There is also a brutal gap between where the problem is worst and where resources are available. Mine clearance is not politically glamorous. It rarely commands the urgent attention that new offensives or summit diplomacy do. Yet the humanitarian and financial costs of delay are enormous. The UN Development Programme, along with specialized agencies working in contaminated countries, has repeatedly shown that explosive hazards block resettlement, delay aid delivery and keep local economies frozen. A road that cannot be cleared limits trade. A field that cannot be planted deepens poverty. A school route that feels unsafe can keep children at home.
The medical consequences are severe and long-lasting. Blast injuries often mean amputations, vision loss, burns and complex trauma. In lower-income or war-damaged countries, prosthetics and rehabilitation services are often scarce. Survivors may need years of care, but funding usually falls far short of need. The economic toll on families can be crushing. A farmer who loses a leg may also lose a household’s main income. A child injured by a mine may face both disability and interrupted education. These are not isolated tragedies. They become a slow-moving social crisis.
The wider security effects matter too. Land contamination can harden displacement and political instability. If people cannot return home safely, temporary camps become semi-permanent. If border zones remain mined, local tensions stay high and smuggling routes can grow. If reconstruction stalls, public trust in postwar authorities erodes. In places trying to move from war to peace, that matters a great deal. A government may claim control, but if it cannot make roads, farms and water points safe, the promise of peace feels hollow.

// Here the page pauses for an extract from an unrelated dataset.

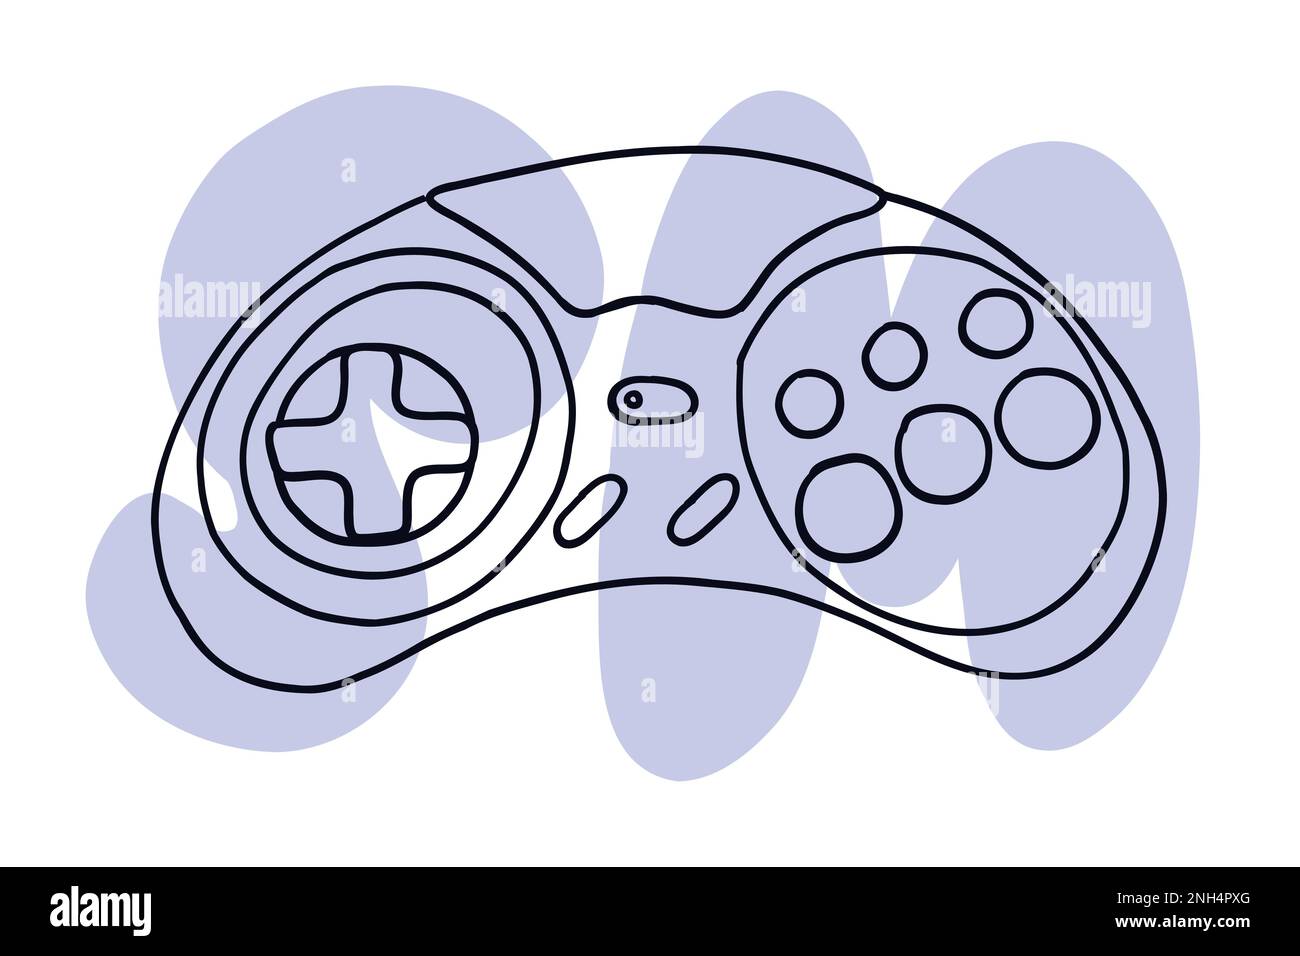 Game retro controller. Vector illustration in hand-drawn cartoon flat style isolated on white background. Stock Vector

None of this means the problem is unsolvable. It does mean governments and donors must treat demining as core postwar infrastructure, not as a secondary humanitarian task. The evidence from countries that reduced casualties is clear. Sustained clearance, public risk education, survivor support and accurate survey work save lives. In places such as Mozambique, large-scale demining efforts backed by years of international support helped reduce contamination enough for the country to declare itself mine-free in 2015, even though officials still had to remain alert for isolated discoveries later. That success was not quick or cheap, but it showed that long-term commitment works.
Policy choices also matter before wars end. Stronger adherence to international rules on landmines and cluster munitions can reduce future contamination. Better battlefield recordkeeping can help later clearance. More support for local demining teams can speed recovery because they know the land, the language and the community. Public information campaigns are also essential. In contaminated areas, simple warnings delivered through schools, radio and village networks can prevent fatal mistakes.
The deeper lesson is easy to miss because buried explosives are, by nature, out of sight. War’s damage is not limited to ruined buildings or televised battles. It is also planted in orchards, pastures, playgrounds and paths to market. Long after headlines move on, a child still bends down to pick up a strange object. A farmer still hesitates before taking the first step into an old field. A family still weighs whether home is worth the risk.
That is why landmines and unexploded ordnance deserve far more public attention than they get. They turn peace into a gamble. They make ordinary acts feel like acts of courage. And they remind us that in war, the last shot fired is often not the last life changed.